NTH means that if a fix for this is made available ahead of an RC spin, we will likely choose to pull that fix into the spin, through the freeze - but we will not delay the release if no fix shows up.



-- 
Fedora Bugzappers volunteer triage team
https://fedoraproject.org/wiki/BugZappers

Comment 25 Jan Vcelak 2012-02-20 17:32:37 UTC
We have identified the cause and we are looking for a possible solution. If we don't find any before the RC deadline, I will revert the upstream patch identified by Jakub in (comment #20). So SSSD in F17 will work.

Comment 26 Adam Williamson 2012-02-20 17:41:12 UTC
'RC deadline' is basically today: go/no-go is wednesday, so we need to compose rc3 today really in order to have time to test it.



-- 
Fedora Bugzappers volunteer triage team
https://fedoraproject.org/wiki/BugZappers

Comment 27 Jóhann B. Guðmundsson 2012-02-20 18:00:38 UTC
Note this is not a release blocker 

So instead of stressing everybody out ( Releng/QA/You guys) just introduce the proper fix via update before beta...

Comment 28 Simo Sorce 2012-02-20 18:14:44 UTC
*** Bug 795502 has been marked as a duplicate of this bug. ***

Comment 29 Simo Sorce 2012-02-20 21:13:20 UTC
http://www.openldap.org/its/index.cgi/Incoming?id=7167
contains a patch that partially resolves the issue, but I think we also have a bug in sssd where we erroneously assumed that calling ldap_result() after all results had already been returned was acceptable.
It was not, but ldap_result() used to return 0 anyways.

I think we should open a new bug for the opneldap libraries and return this one to SSSD, so we can handle the other half of the fix in SSSD itself.

Comment 30 Simo Sorce 2012-02-20 23:24:34 UTC
Sorry disregard comment #29, I misinterpreted one reply from HYC.

The patch in http://www.openldap.org/its/index.cgi/Incoming?id=7167 should fully fix the SSSD issue w/o any code change on the SSSD side.

If this checks out we can update 7167 and consider the whole incident fixed. The patch in 7167#9 has also already been pushed to the openldap git master tree.

Comment 31 Jan Vcelak 2012-02-21 11:02:36 UTC
Scratch build with upstream patch applied:
http://koji.fedoraproject.org/koji/taskinfo?taskID=3806953

Please, test!

Comment 32 Jan Vcelak 2012-02-21 11:10:56 UTC
It works in my test configuration. Can someone verify?

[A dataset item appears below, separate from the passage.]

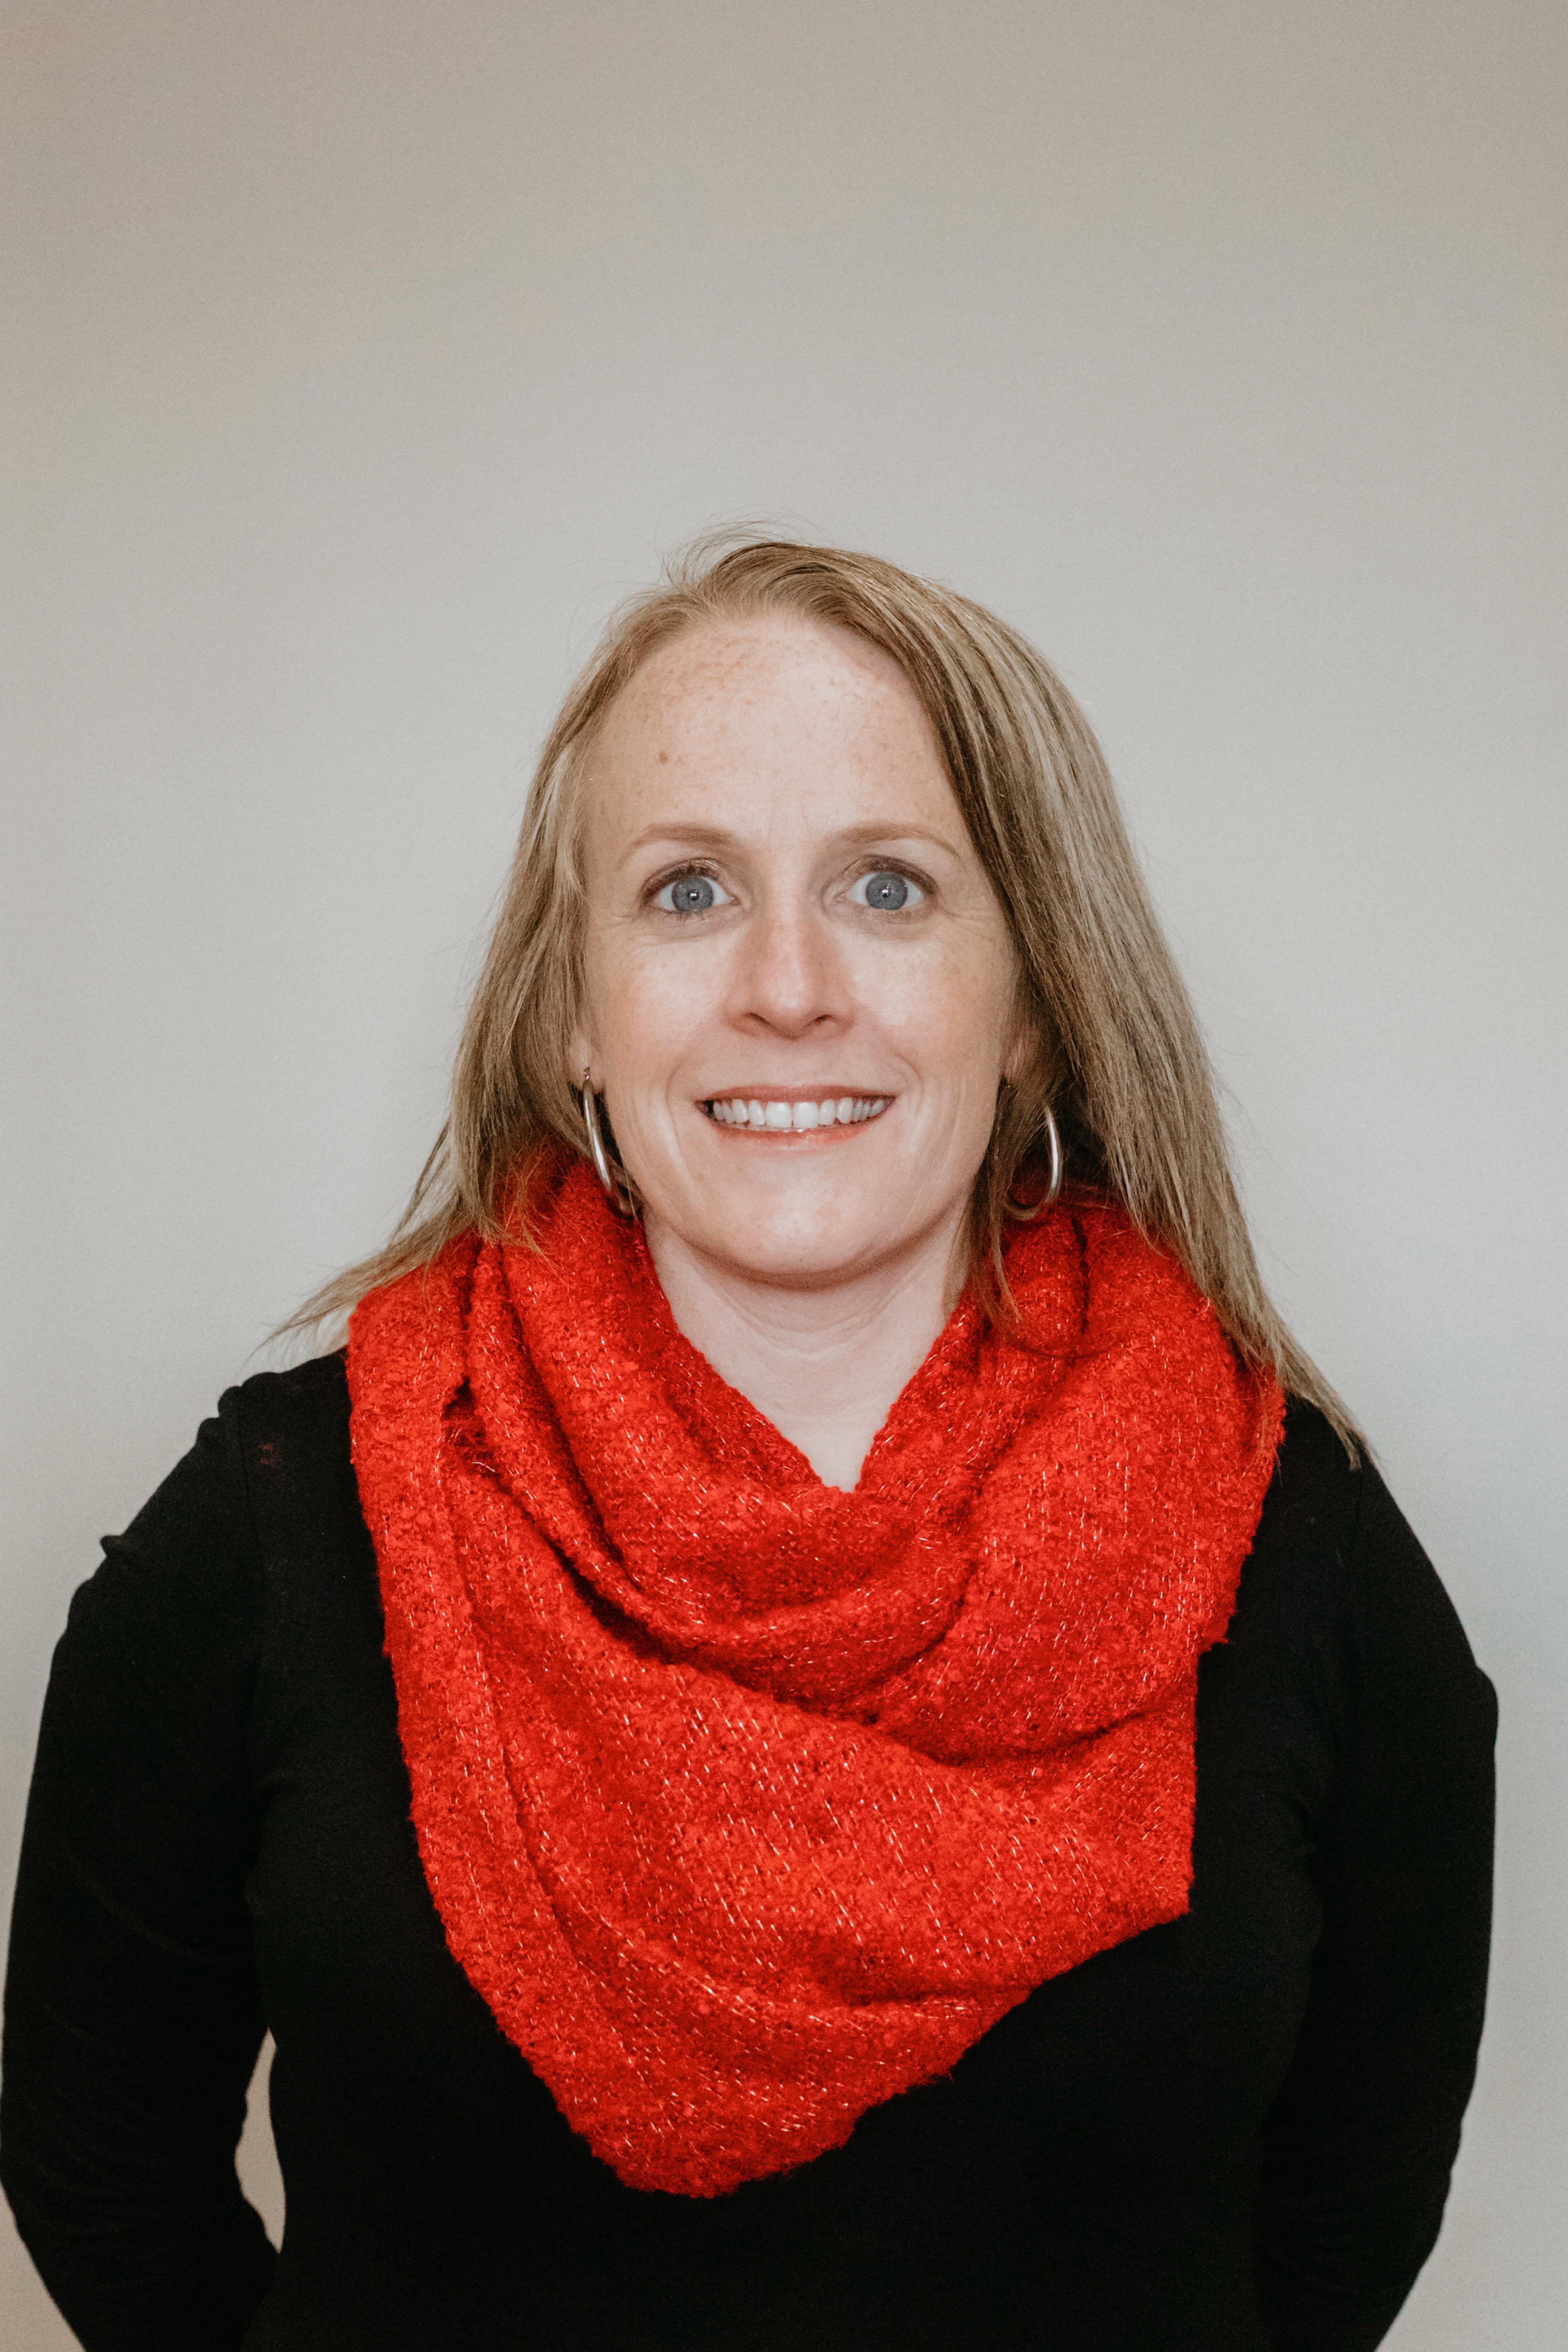 Tara Harris, CCC, SLP

Comment 33 Jakub Hrozek 2012-02-21 11:51:44 UTC
Works for me, too. Great!

Comment 34 Jan Vcelak 2012-02-21 15:18:18 UTC
Resolved in:
openldap-2.4.29-3.fc17
openldap-2.4.29-3.fc18

Comment 35 Fedora Update System 2012-02-21 15:20:02 UTC
openldap-2.4.29-3.fc17 has been submitted as an update for Fedora 17.
https://admin.fedoraproject.org/updates/openldap-2.4.29-3.fc17

Comment 36 Fedora Update System 2012-02-21 17:44:18 UTC
Package openldap-2.4.29-3.fc17:
* should fix your issue,
* was pushed to the Fedora 17 testing repository,
* should be available at your local mirror within two days.
Update it with:
# su -c 'yum update --enablerepo=updates-testing openldap-2.4.29-3.fc17'
as soon as you are able to.
Please go to the following url:
https://admin.fedoraproject.org/updates/FEDORA-2012-2113/openldap-2.4.29-3.fc17
then log in and leave karma (feedback).

Comment 37 Ken Dreyer 2012-02-21 20:59:02 UTC
I confirmed that openldap-2.4.29-3.fc18 fixes the original bug. Thanks all for working on this!

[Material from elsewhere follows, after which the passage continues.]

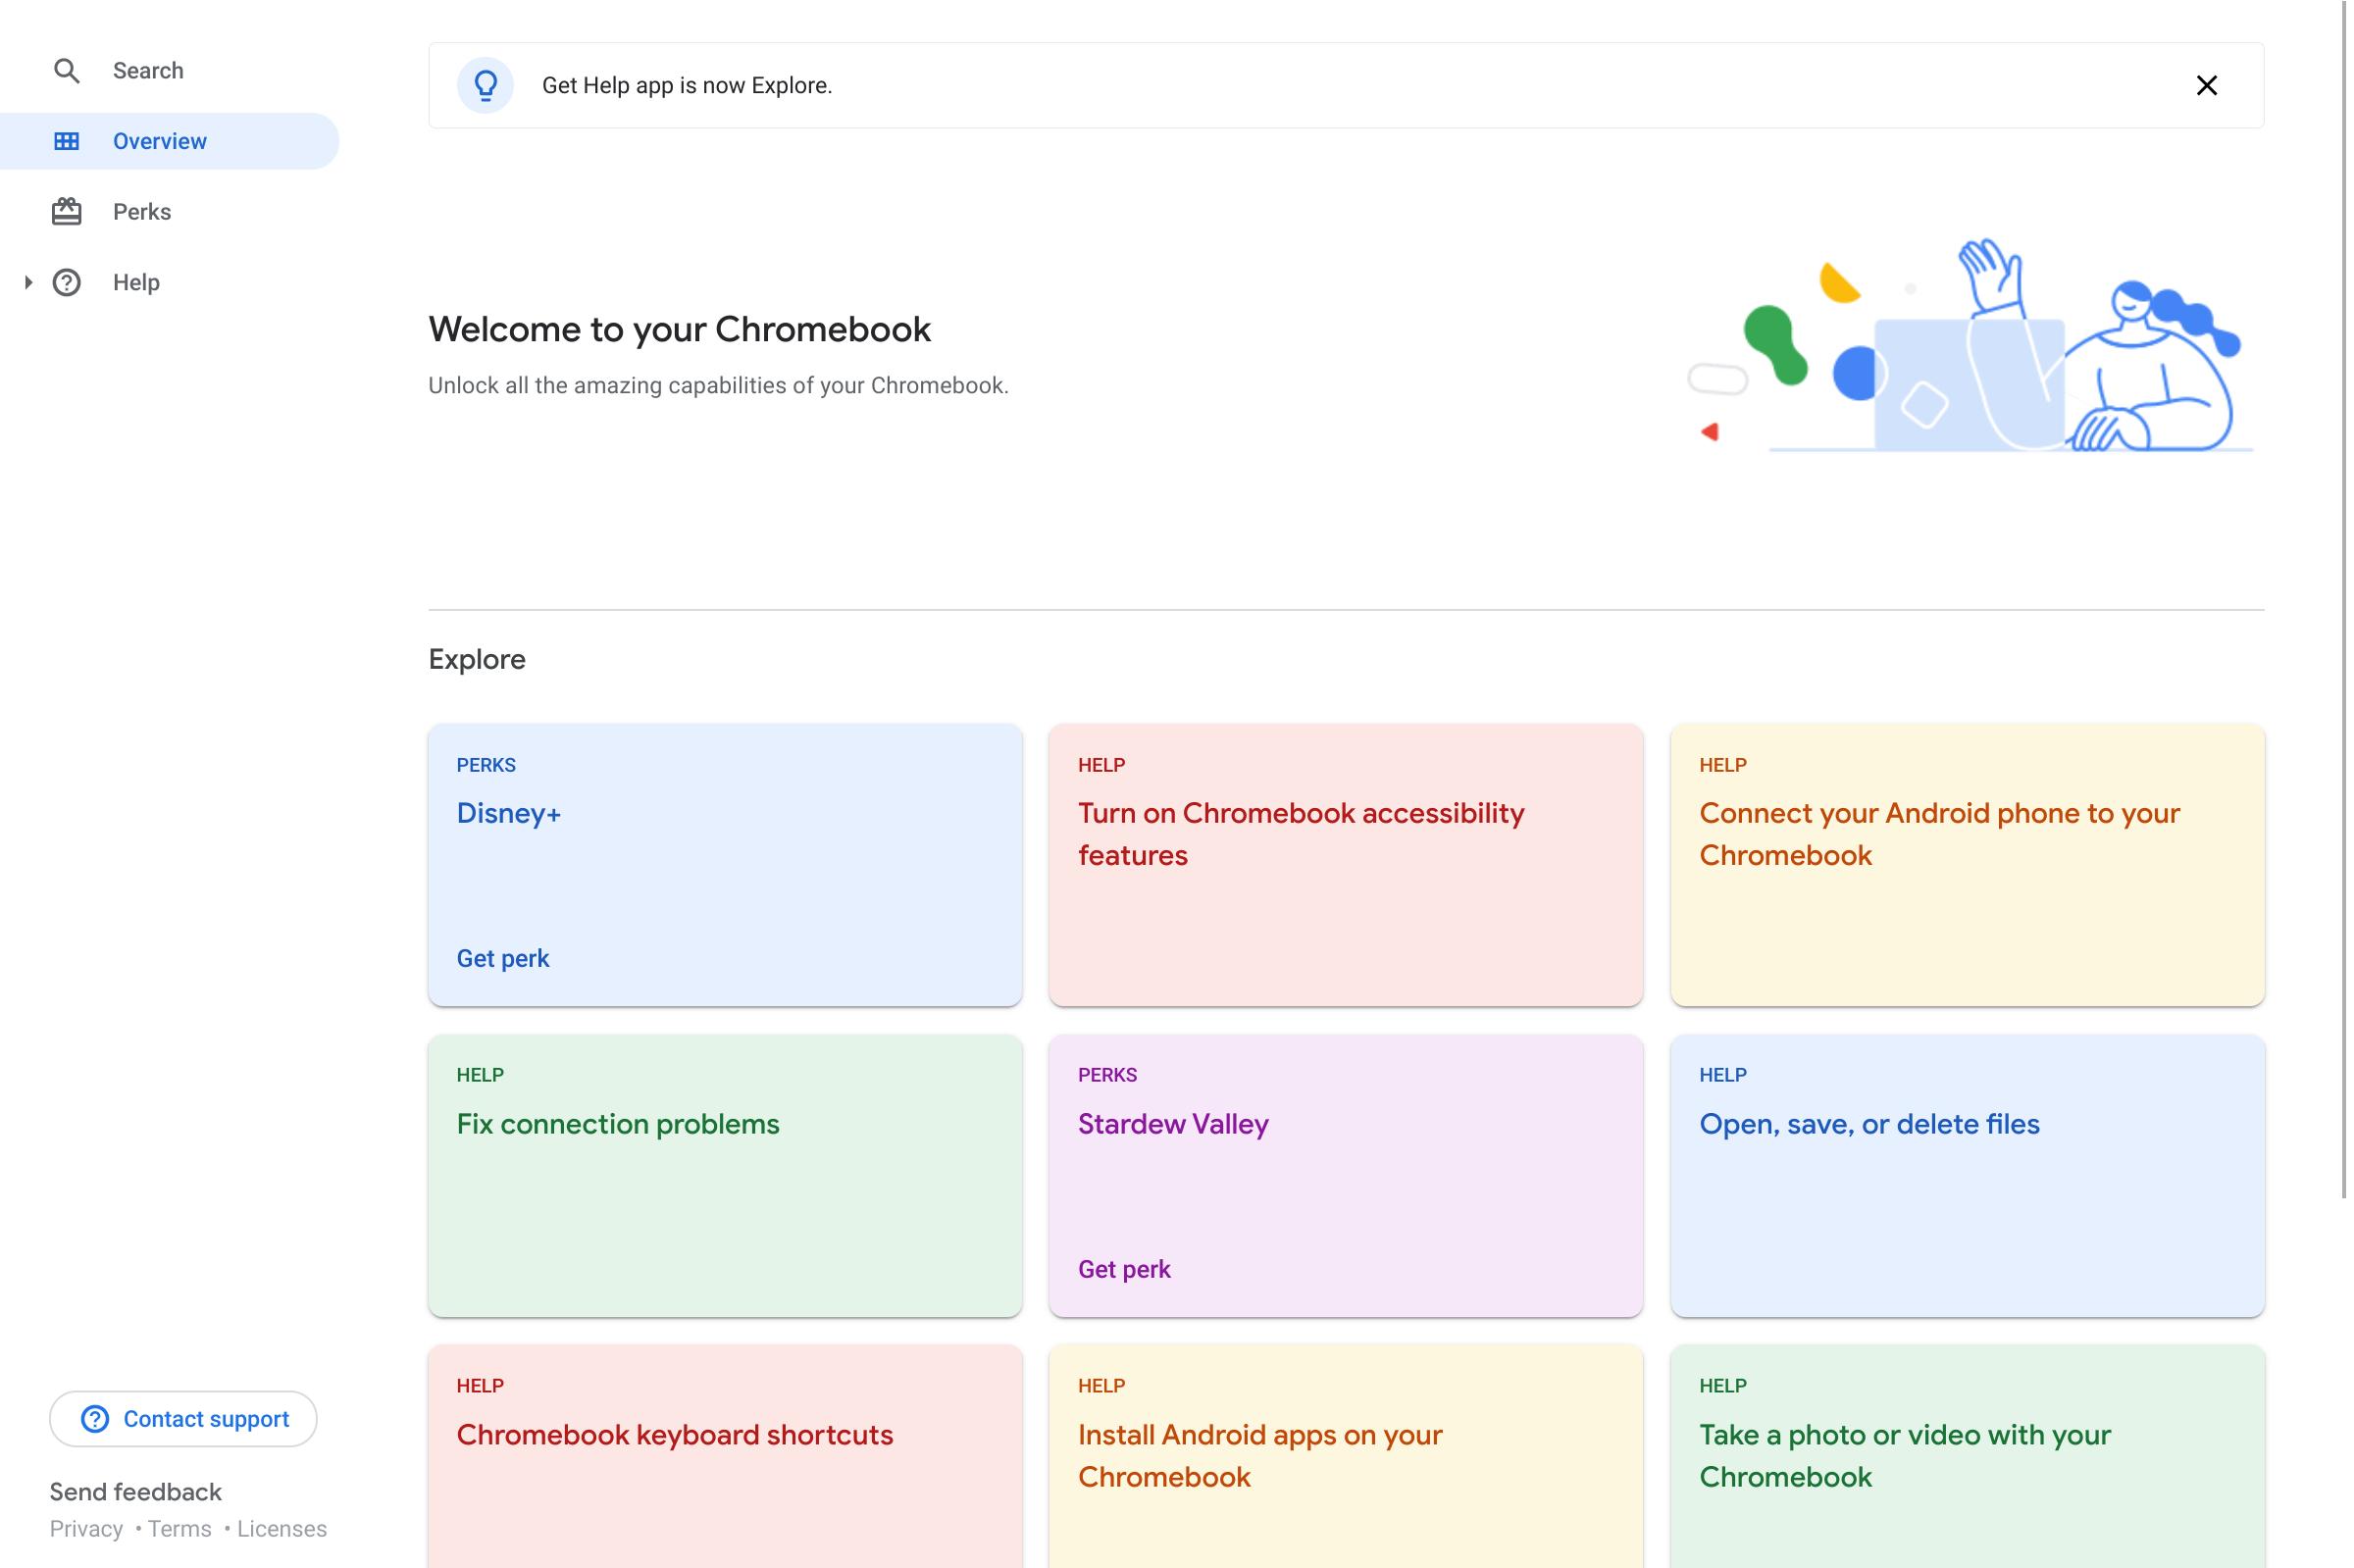 Chrome OS 84 bắt đầu cho ra những tính năng mới, cải tiến hơn 3

Comment 38 Stephen Gallagher 2012-02-23 01:29:16 UTC
*** Bug 790414 has been marked as a duplicate of this bug. ***

Comment 39 Fedora Update System 2012-02-28 10:39:15 UTC
openldap-2.4.29-3.fc17 has been pushed to the Fedora 17 stable repository.  If problems still persist, please make note of it in this bug report.